In 2007, when Todd Lickliter left for Iowa, Stevens, then 30, became the head coach.

It’s worked out OK if you consider a record of 88-14 in three seasons OK. Stevens is the youngest coach to take a team to the Final Four since Bob Knight, at 32, led Indiana to St. Louis in 1973.

The youngest coach to lead his team to the national title was Indiana’s Branch McCracken, at 31, in 1940.

Stevens doesn’t act or coach like he’s in over his head. In fact, he is chided for his zombie-like, calm bench demeanor — a trait not always shared by the other three Final Four coaches.

“He doesn’t get rattled easily,” Michigan State’s Izzo said. “I saw some games when he was down three, up three, seems to stay at a pretty even keel. I wish I could do that.”

Stevens is a man of quiet resolve and routine. He plans practice each week at the same restaurant, the Broad Ripple Tavern.

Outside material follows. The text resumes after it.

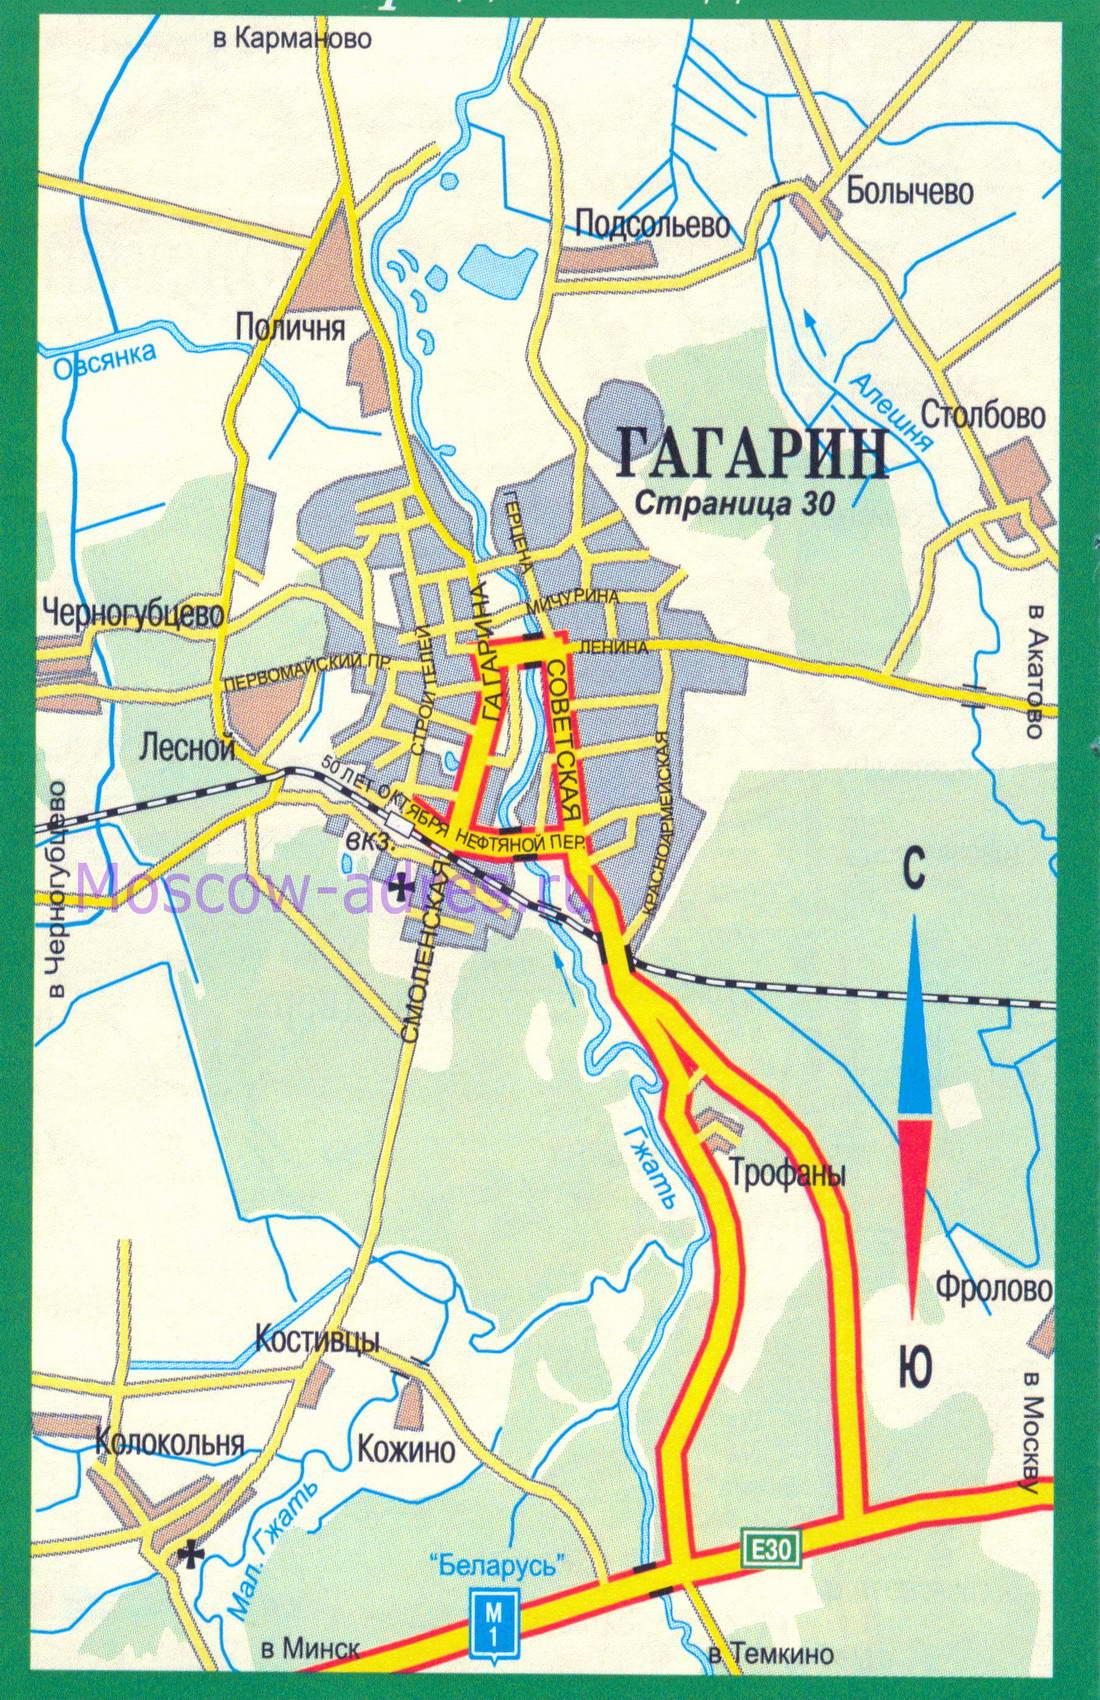 Автомобильная карта-схема г.Гагарин Смоленской области.

“It’s got a great little back eating area,” he said. “Get the same thing every week. Pretty boring.”

Nothing is a snore anymore about Butler, located about five miles north of downtown. The Butler bus on Friday was mobbed by fans wanting to get a glimpse of their stars.

“It was unbelievable,” Stevens said.

Once, in a basketball movie shot in Butler’s gym, the coach used a measuring tape to prove to his team that the basket was 10 feet high for both schools.

Izzo, the underdog against Butler, might consider showing the movie to Michigan State.